◆ Task description
Restate word for word the entries below, starting at the line with "Keys old school" and ending at the line with "Aitbrush tlaková láhev Revell,750 ml". Keep both end lines and omit the pictures.

Top of Data supplied

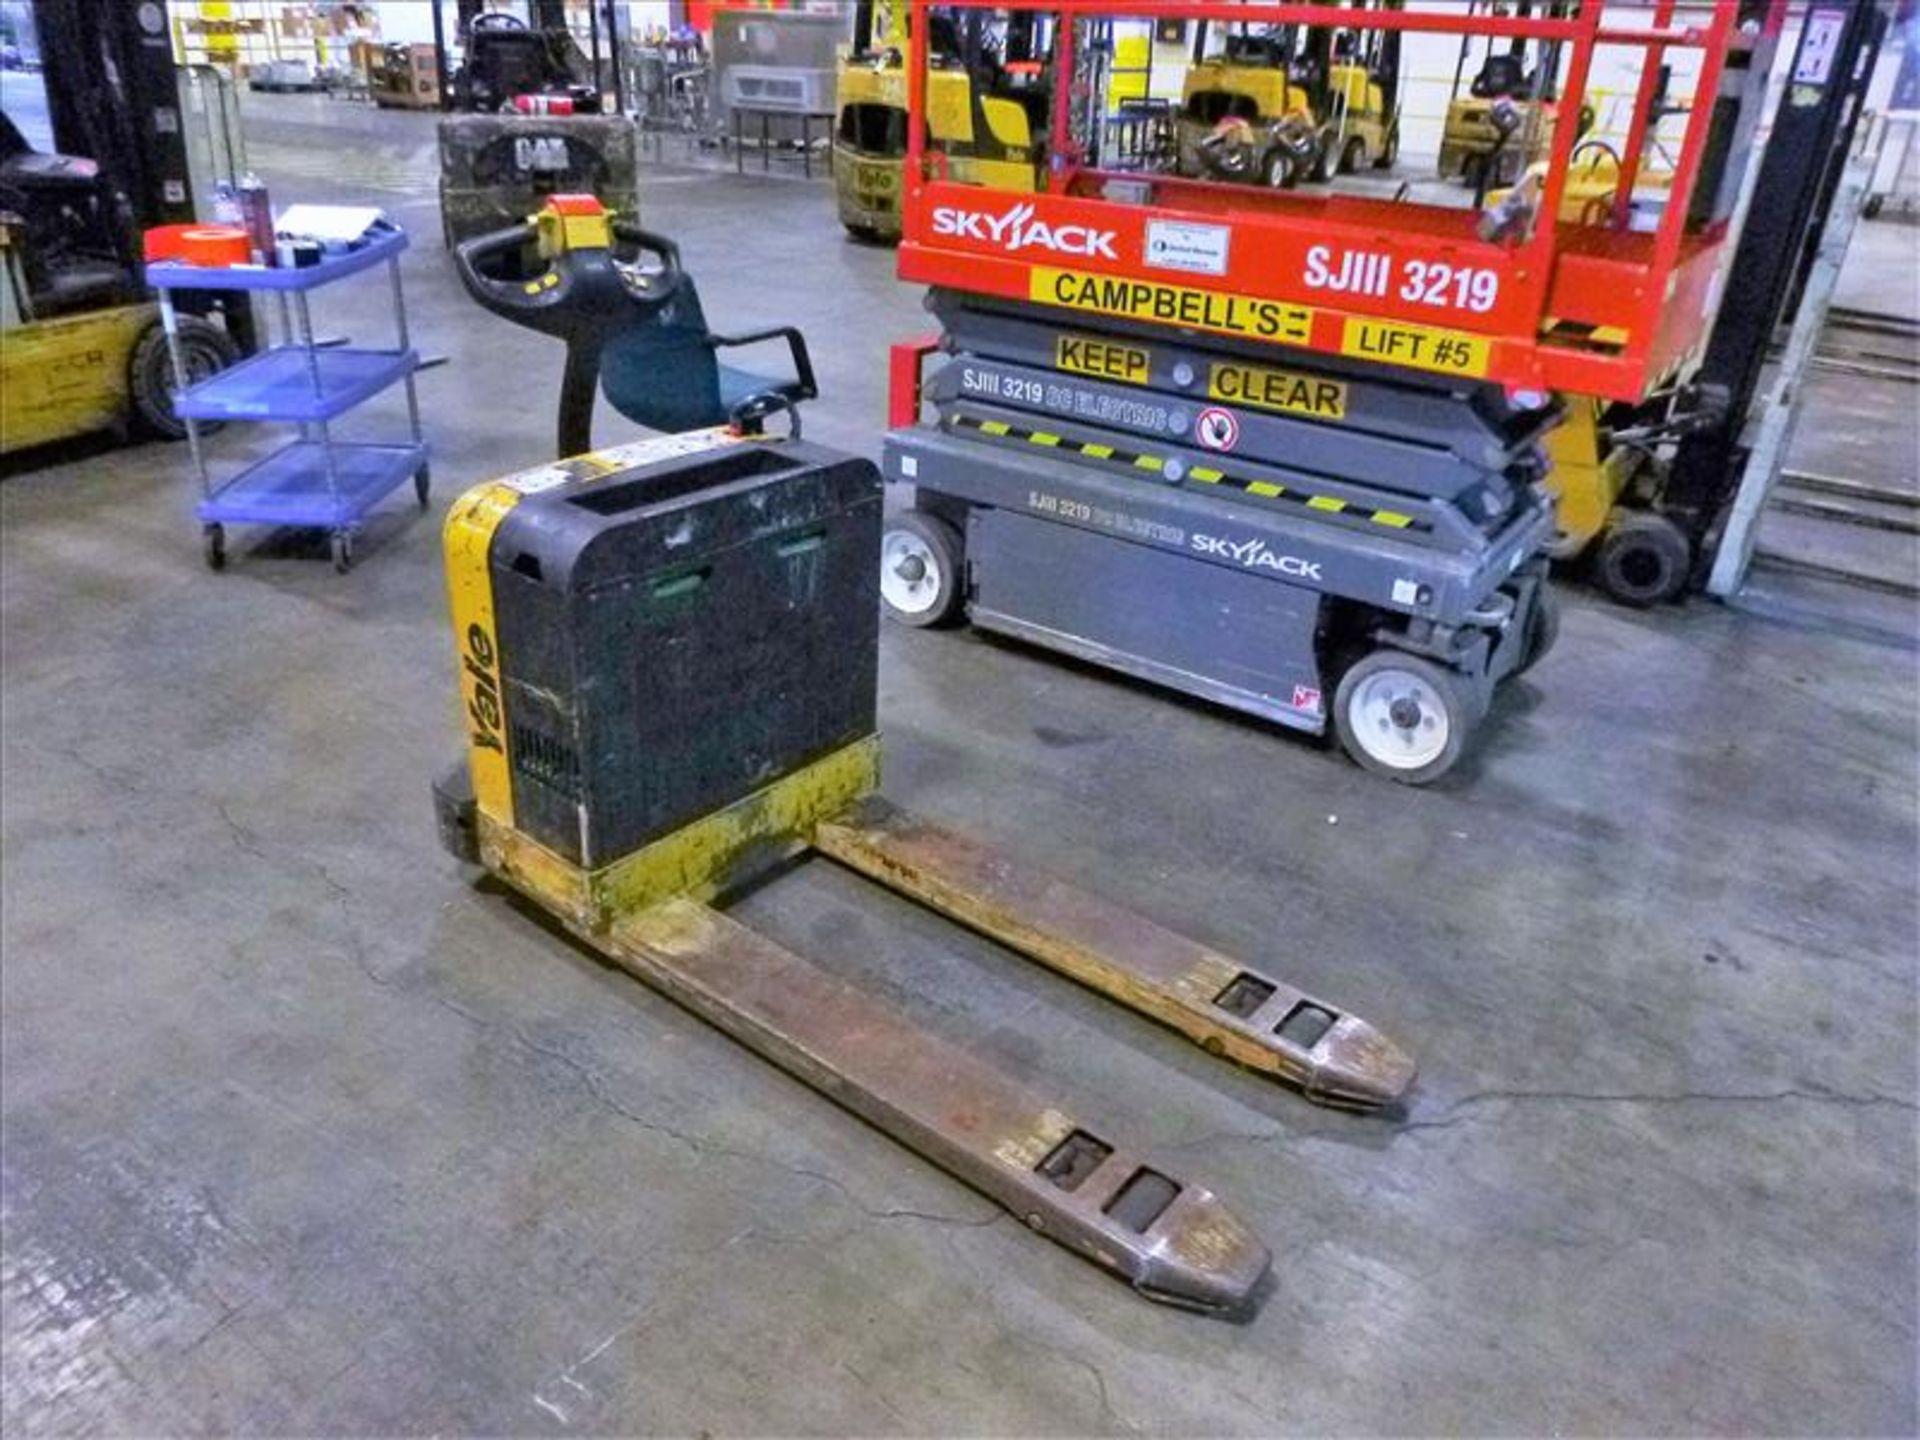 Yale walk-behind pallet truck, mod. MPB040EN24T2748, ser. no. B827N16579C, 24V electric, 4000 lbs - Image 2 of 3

Bottom of Data supplied
Top of Data supplied

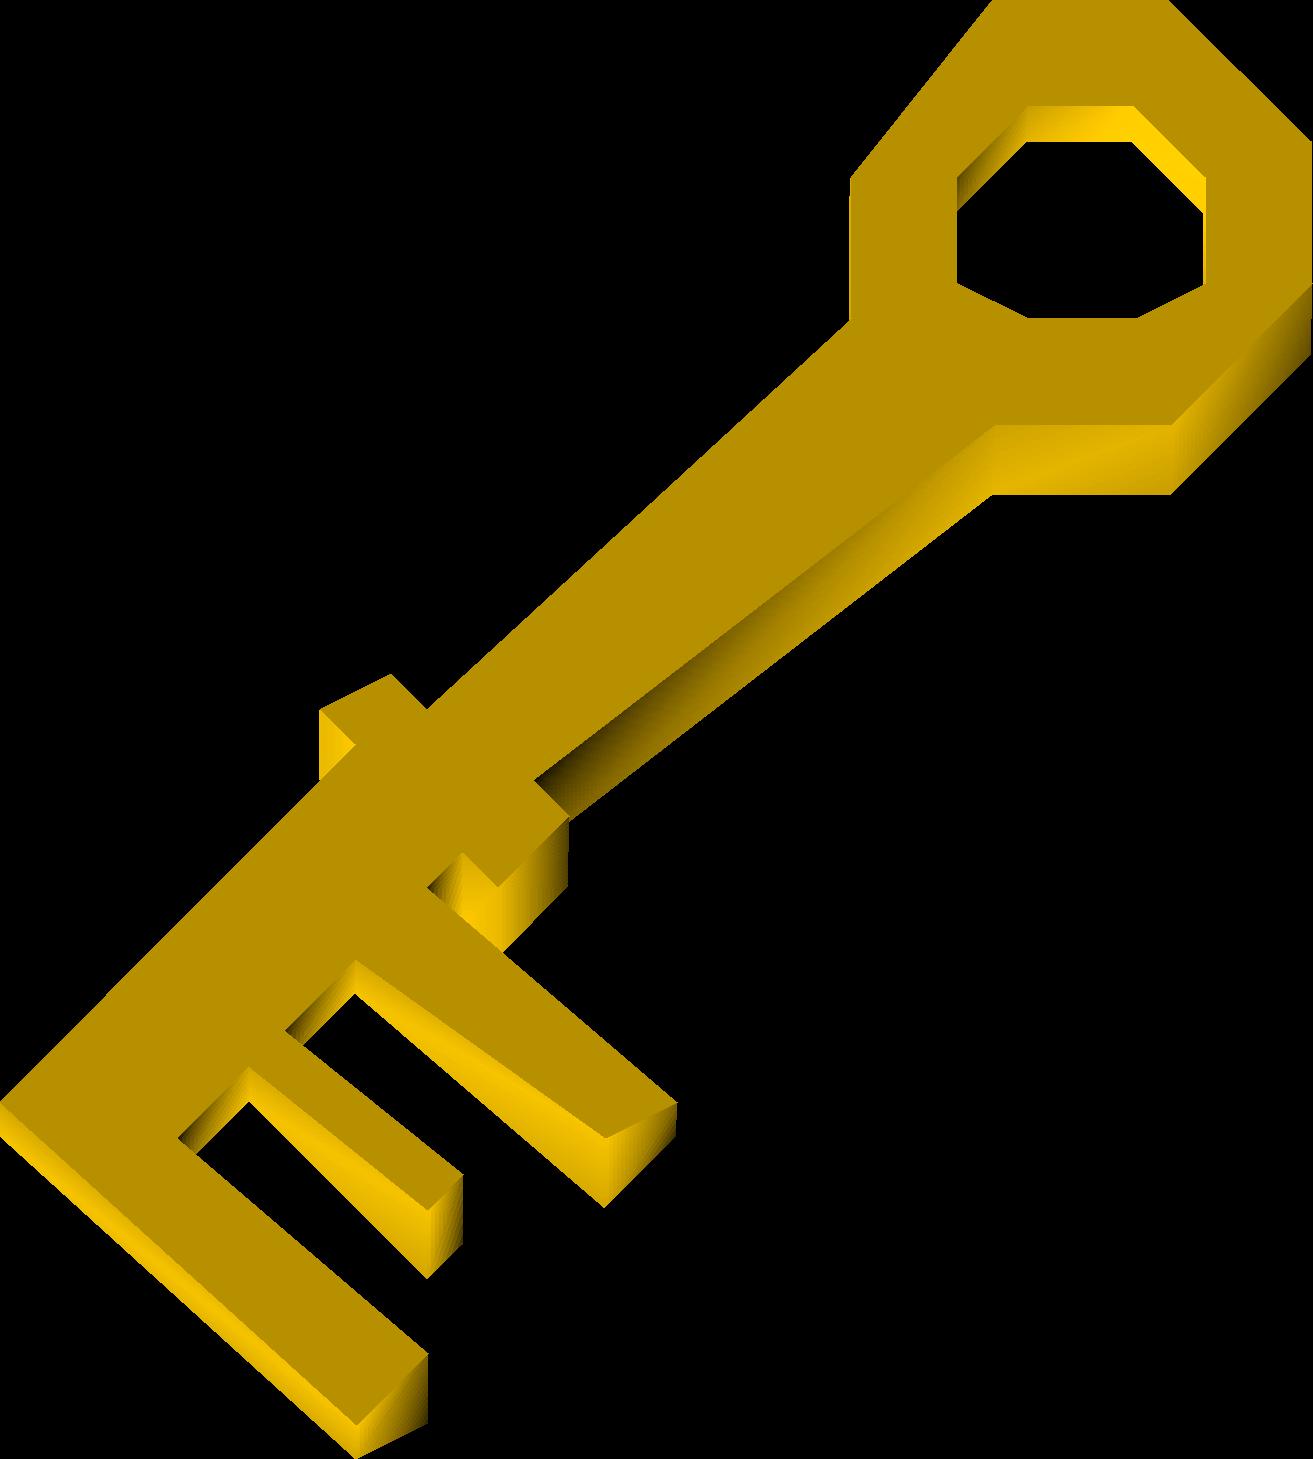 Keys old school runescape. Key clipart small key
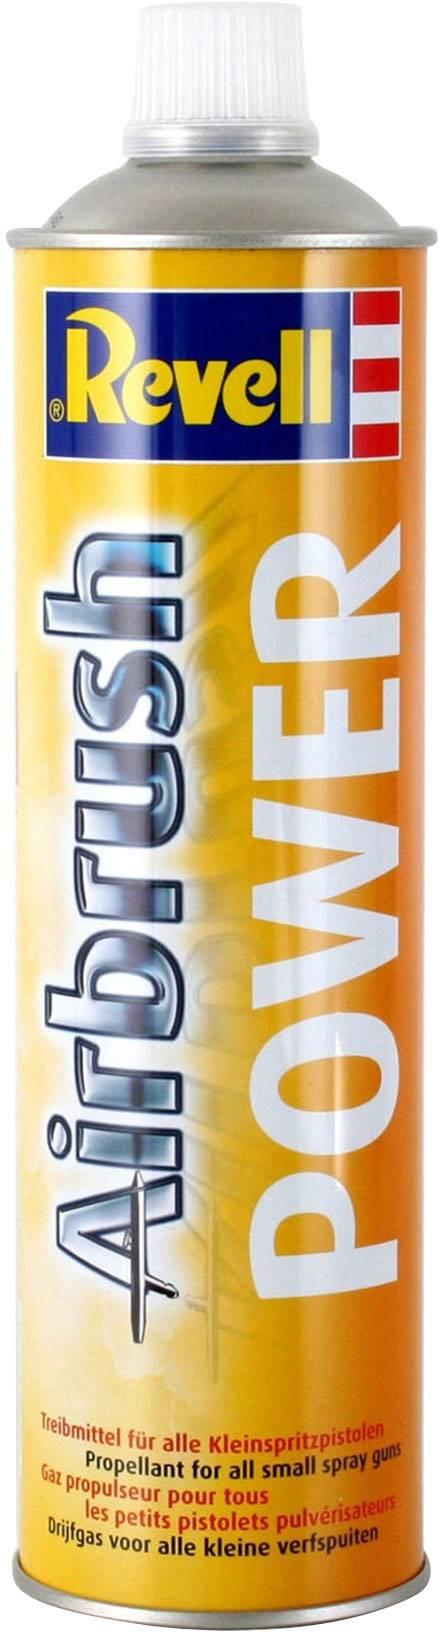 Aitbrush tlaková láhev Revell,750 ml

Bottom of Data supplied

◆ Result
 Keys old school runescape. Key clipart small key
 Aitbrush tlaková láhev Revell,750 ml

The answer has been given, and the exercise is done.